In this short autobiography I haven't got the space to write about the thousand things that interest, delight, amaze, sadden, baffle, infuriate, or anger me. If I had the space I'd say something about the wholesale and vicious destruction of the public services in this country that's taken place over the past few years: especially that of education. If I were still a teacher and tried to do now the work I did for twelve years or so-and did well, I think-not only would I be discouraged, I would be forbidden. We now have a National Curriculum that lays down exactly what all children should be taught, and when they should be taught it, and insists on regular pencil-and-paper tests which seem to be checking on the pupils, but whose real purpose is to check on the teachers.

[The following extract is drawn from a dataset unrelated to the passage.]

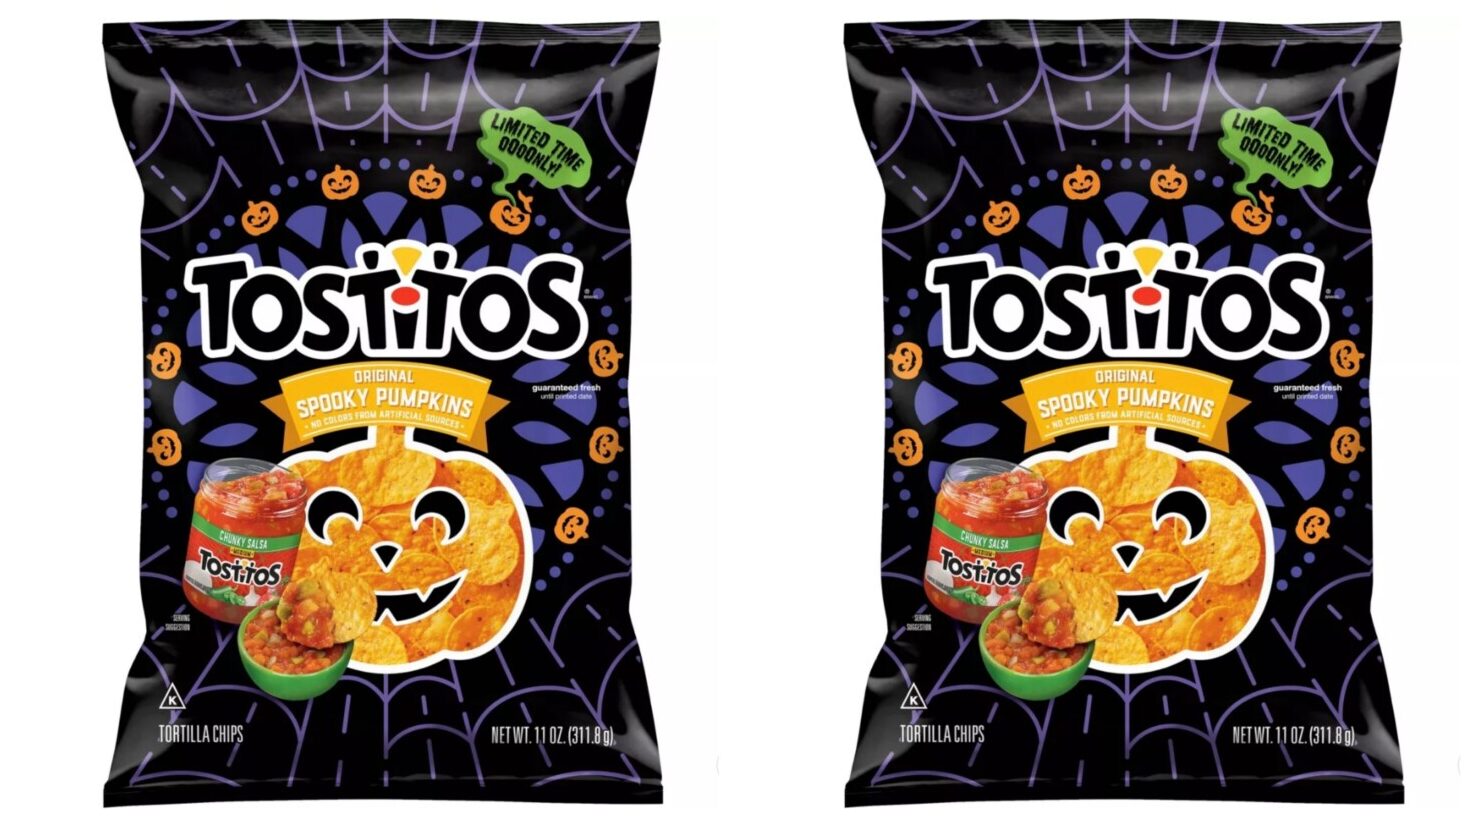 Bags of Tostitos pumpkin-shaped chips

When I was teaching, I was free to decide what I should do and how I should do it, and one of the things I decided was that the pupils in my classes should learn about Greek mythology. So I began to tell them stories about the gods and heroes. I had to find good versions to work from, because I wanted to get the stories right; I didn't want to simply read to my pupils, I wanted to stand up and tell them the stories face-to-face. So I used Robert Graves's two-volume version of the Greek myths, which was the fullest I could find; and the Iliad and the Odyssey in the Penguin prose translation.

I worked out a course that lasted a year. In the first term I'd deal with the births and origins of the gods and goddesses, and their natures and deeds, to use Graves's phrase, and tell some of the stories about Theseus, Jason, Oedipus, Perseus, Heracles, and the other heroes; in the second term I'd start with the origins of the Trojan War and then do Homer's Iliad from start to finish; and in the third term I'd tell the Odyssey.

It was important to tell, not read, so I had to prepare the stories thoroughly. I taught three separate classes of twelve- and thirteen-year-olds, so I'd tell each story three times in a week; and I taught for twelve years, so I must have told each story thirty-six times. The result is that now I have all those stories entirely clear in my head, from beginning to end, and I can call them up whenever I want to.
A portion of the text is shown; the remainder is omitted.